Looks like you have quite a routine laid out there. I know you dont want to give up the cardio, but I would suggest that you start to reduce the cardio/aerobic activity until you start to see some lbm gain, rather than increase your cals to 3500 as you suggested in another thread. Make your weight training the No.1 priority in terms of time spent exercising and intensity. Maintain a journal to keep track of you progress of your weights.


			
				Tom_B said:
			
		

> Ya, that's my problem I'm so scared that instead of gaining muscle I'm gonna gain fat, that's why i do so much cardio, I figured that I could keep my fat gains really low, but at the same time I'm eating away at muscle too probably... And the reason I said 7 months is that I'm not sure if I should gain weight untill I'm 140pounds then cut for 10 pounds, or just gain some weight till i'm 130 pounds. I'll know once I reach 130 pounds. And I plan on reducing my cardio to 3x a week, just I'm gonna start to walk around some more, so I can still feel like I'm doing my cardio but it won't be as intense.

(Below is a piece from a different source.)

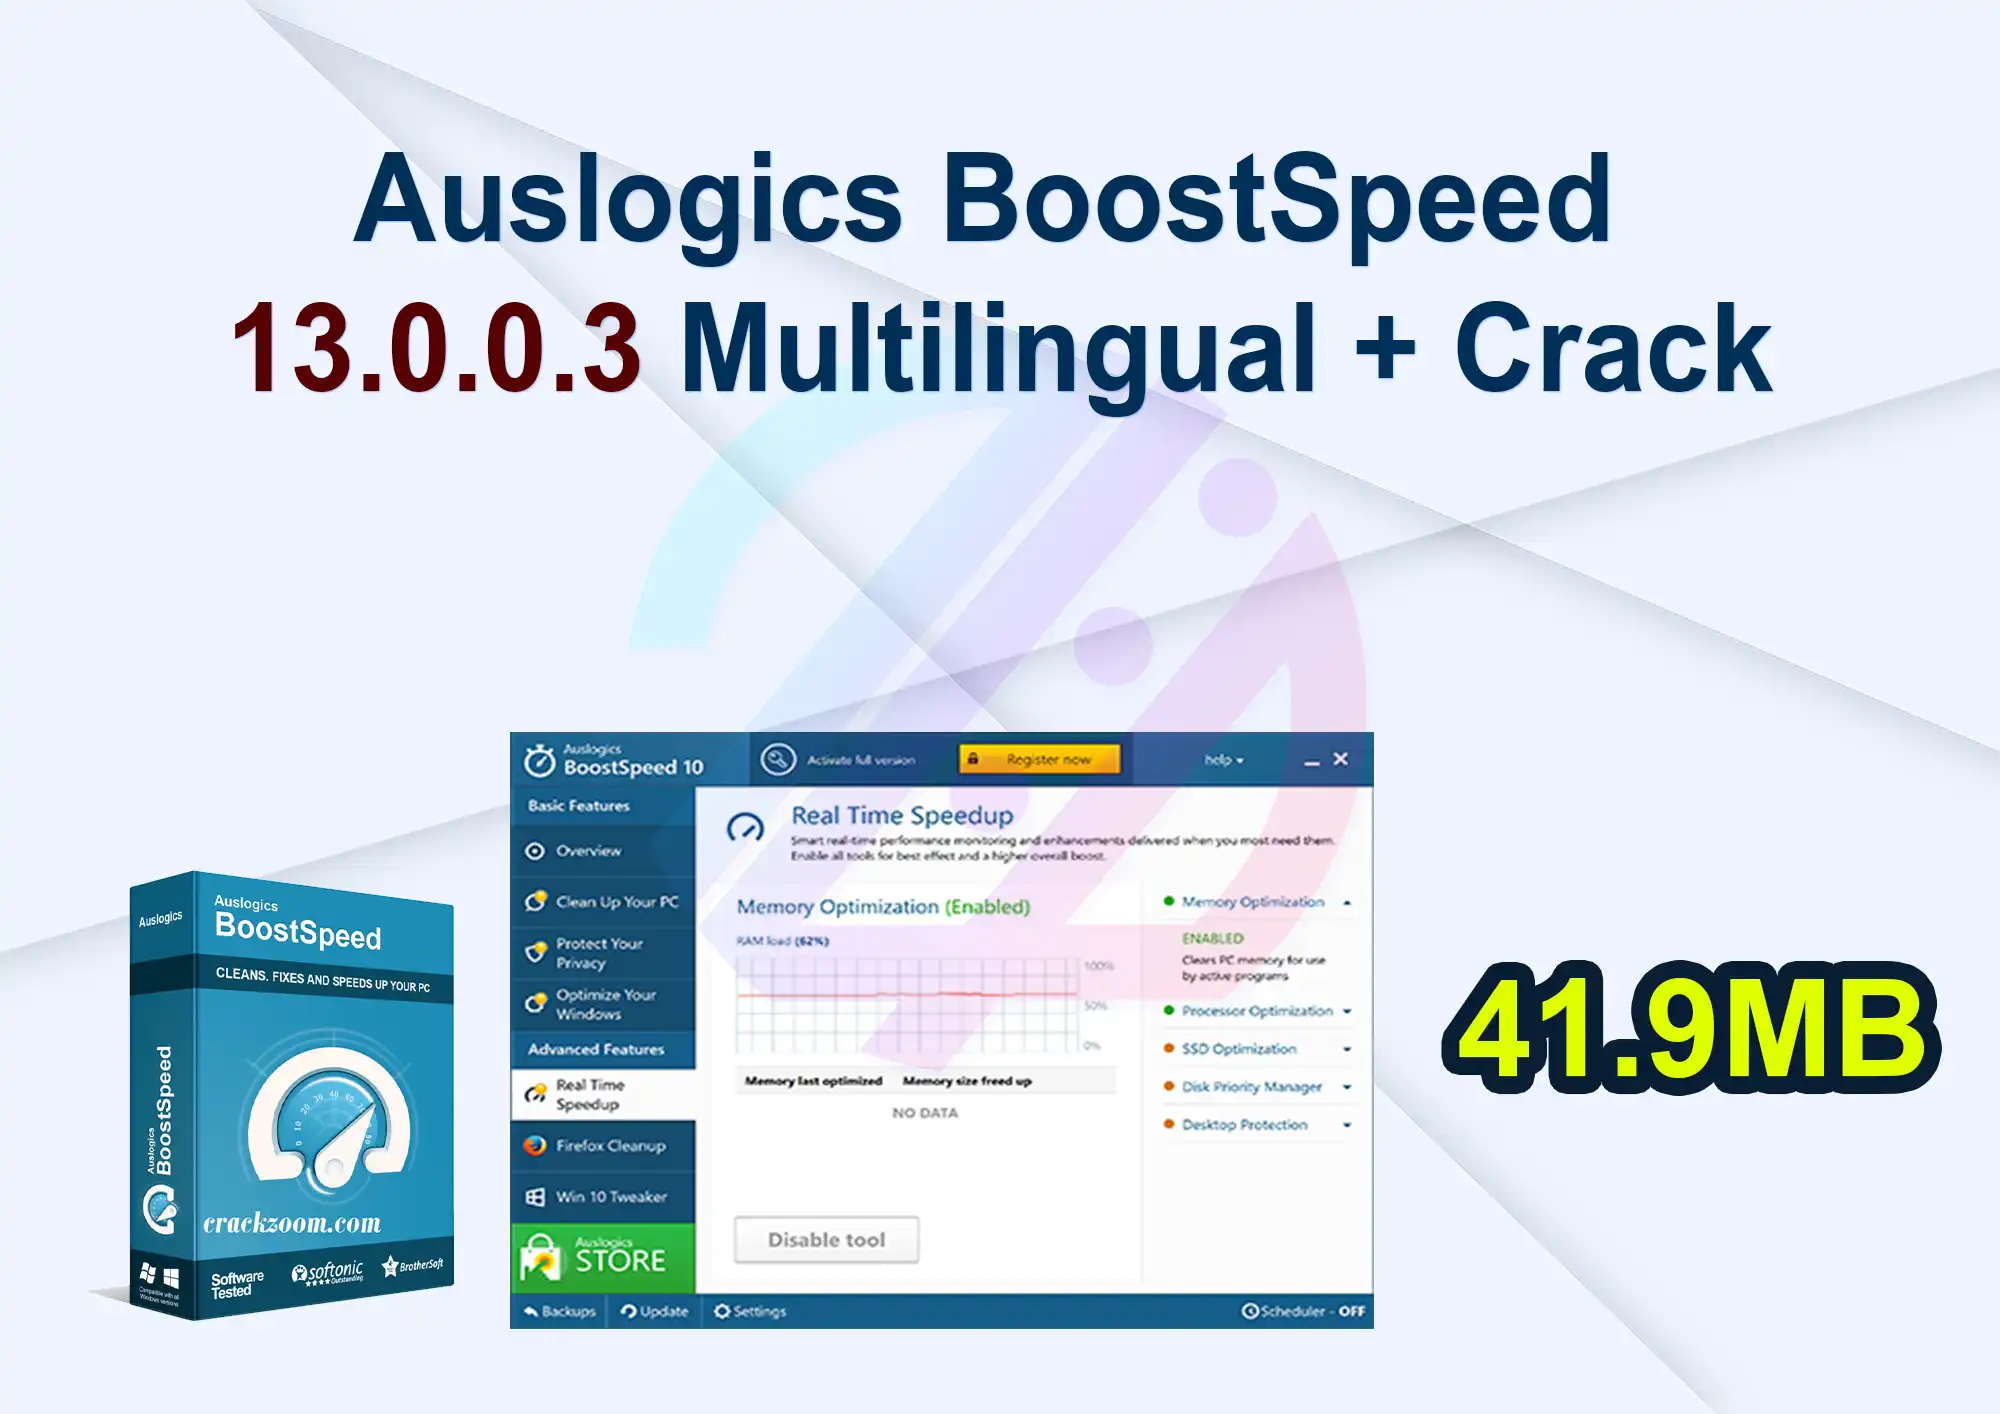 Auslogics BoostSpeed 13.0.0.3 Multilingual + Crack
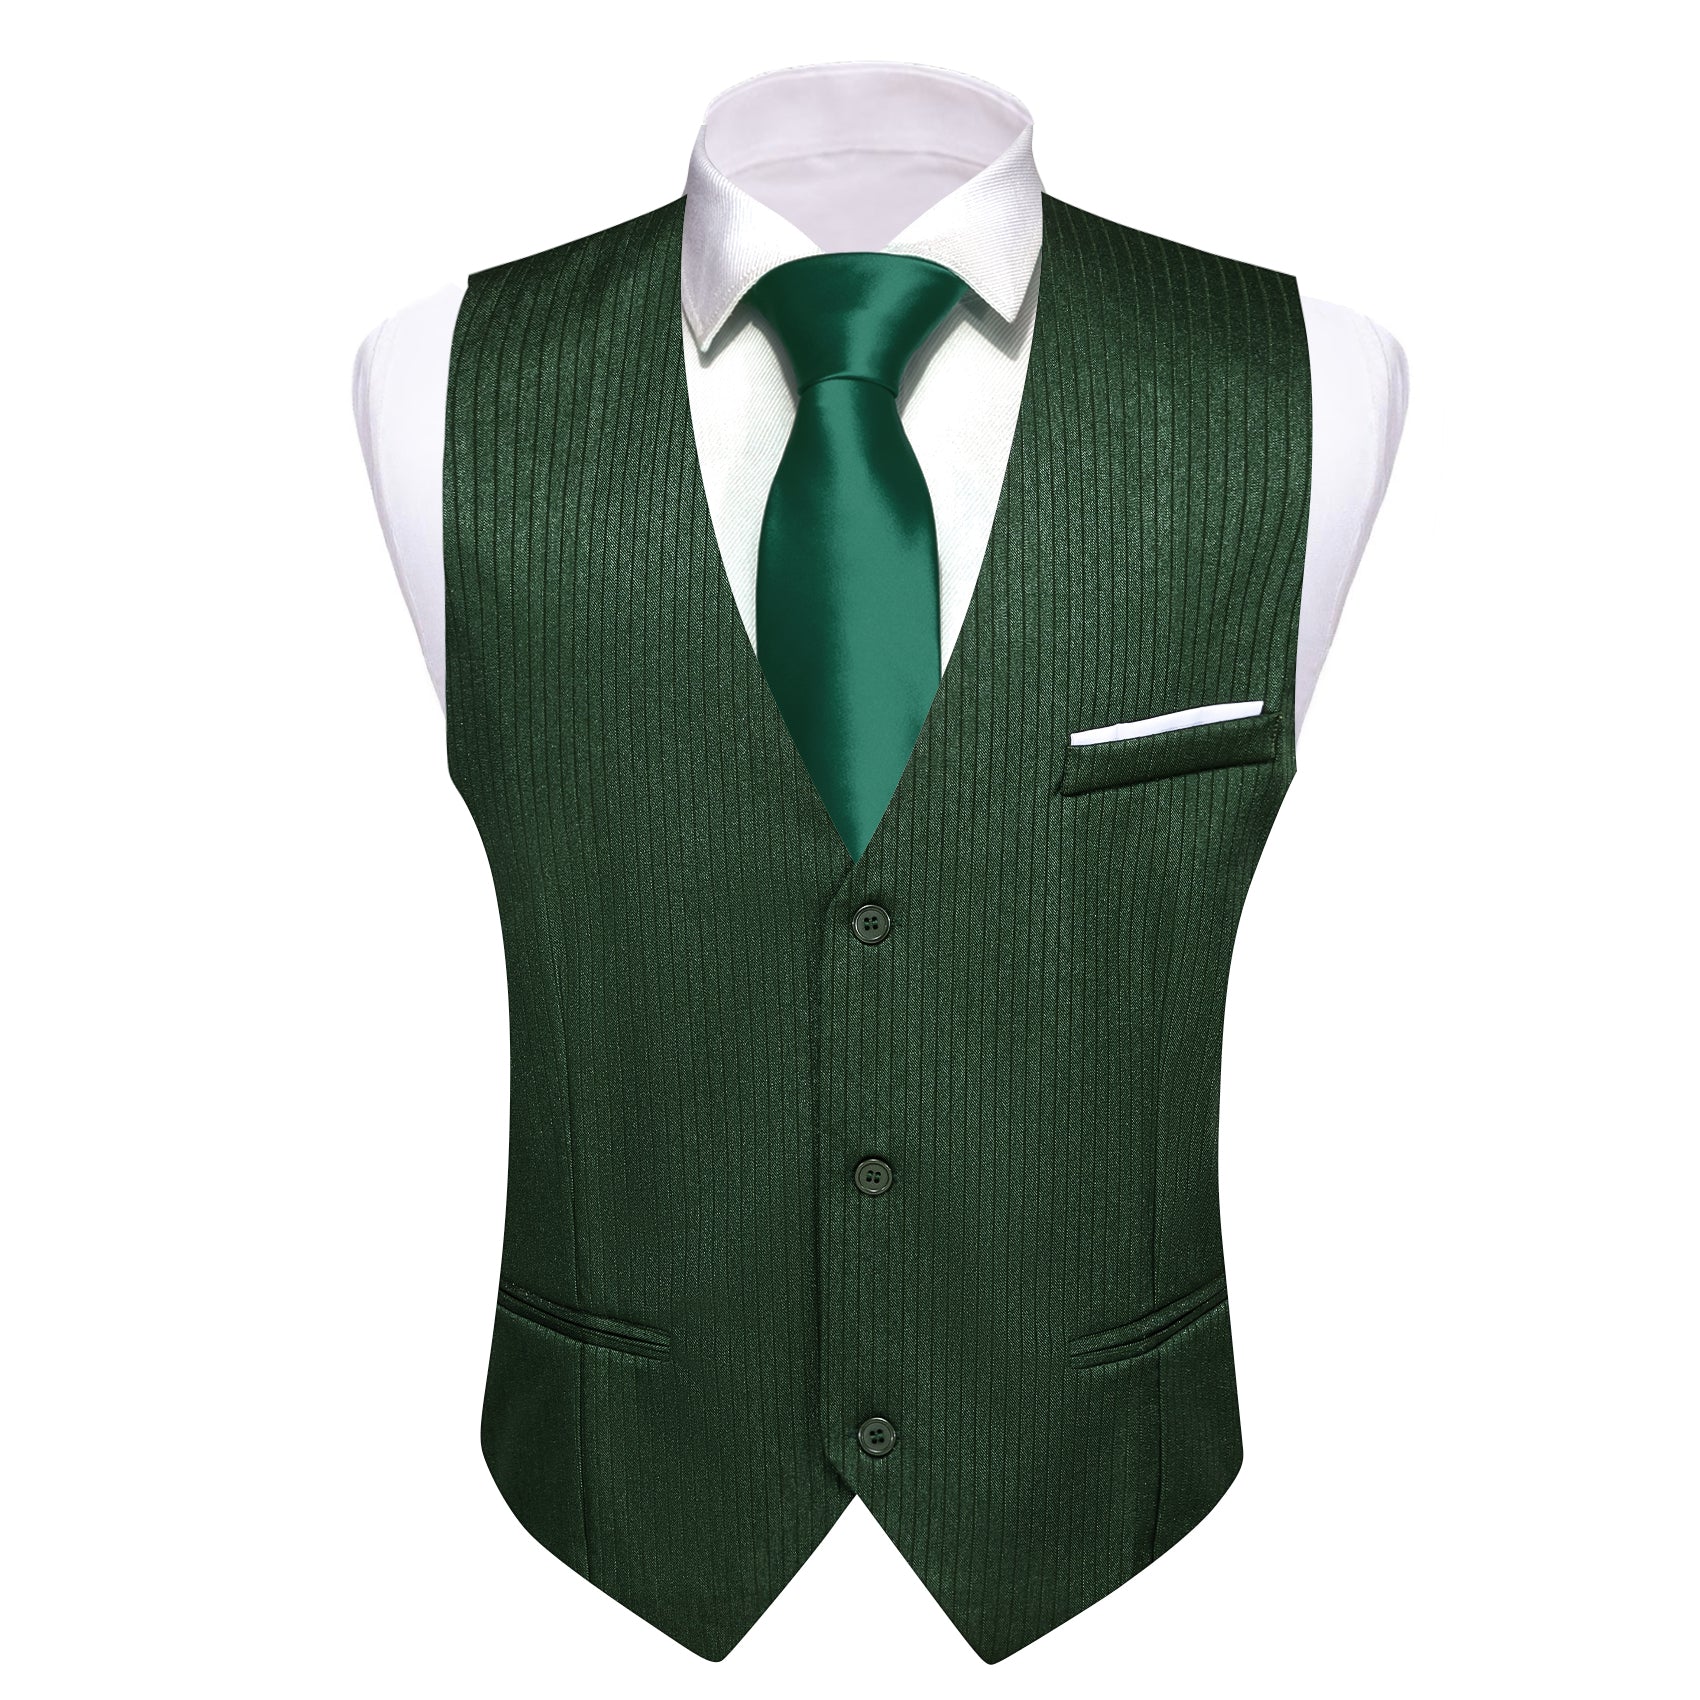 Barry.wang Dark Green Solid Business Vest Suit

If you are about 120#, going upto 140# (increase of 20#)and deciding to cut 10# implies a 50% fat increase! If your diet is in order and you are hitting the weights intensely (making regular progress with increasing weights) seems unlikely you will put on 10#(a 50% increase) of fat. However monitor your weight and bf gains weekly to see if you are on track to your goal. and dont freak out if one week happens to be out of line.

Anyway, as suggested by bulletproof1, you can always burn the excess fat on your cut cycle as you are very very adept at the cardio stuff. Cardio and cuting are two things most people love to hate!

Also dont limit yourself to numbers and stop at 140 as you are 15, it is likely you might grow taller (depending on genetics, of course). In which case you might have to put on more lbm to avoid looking skinny.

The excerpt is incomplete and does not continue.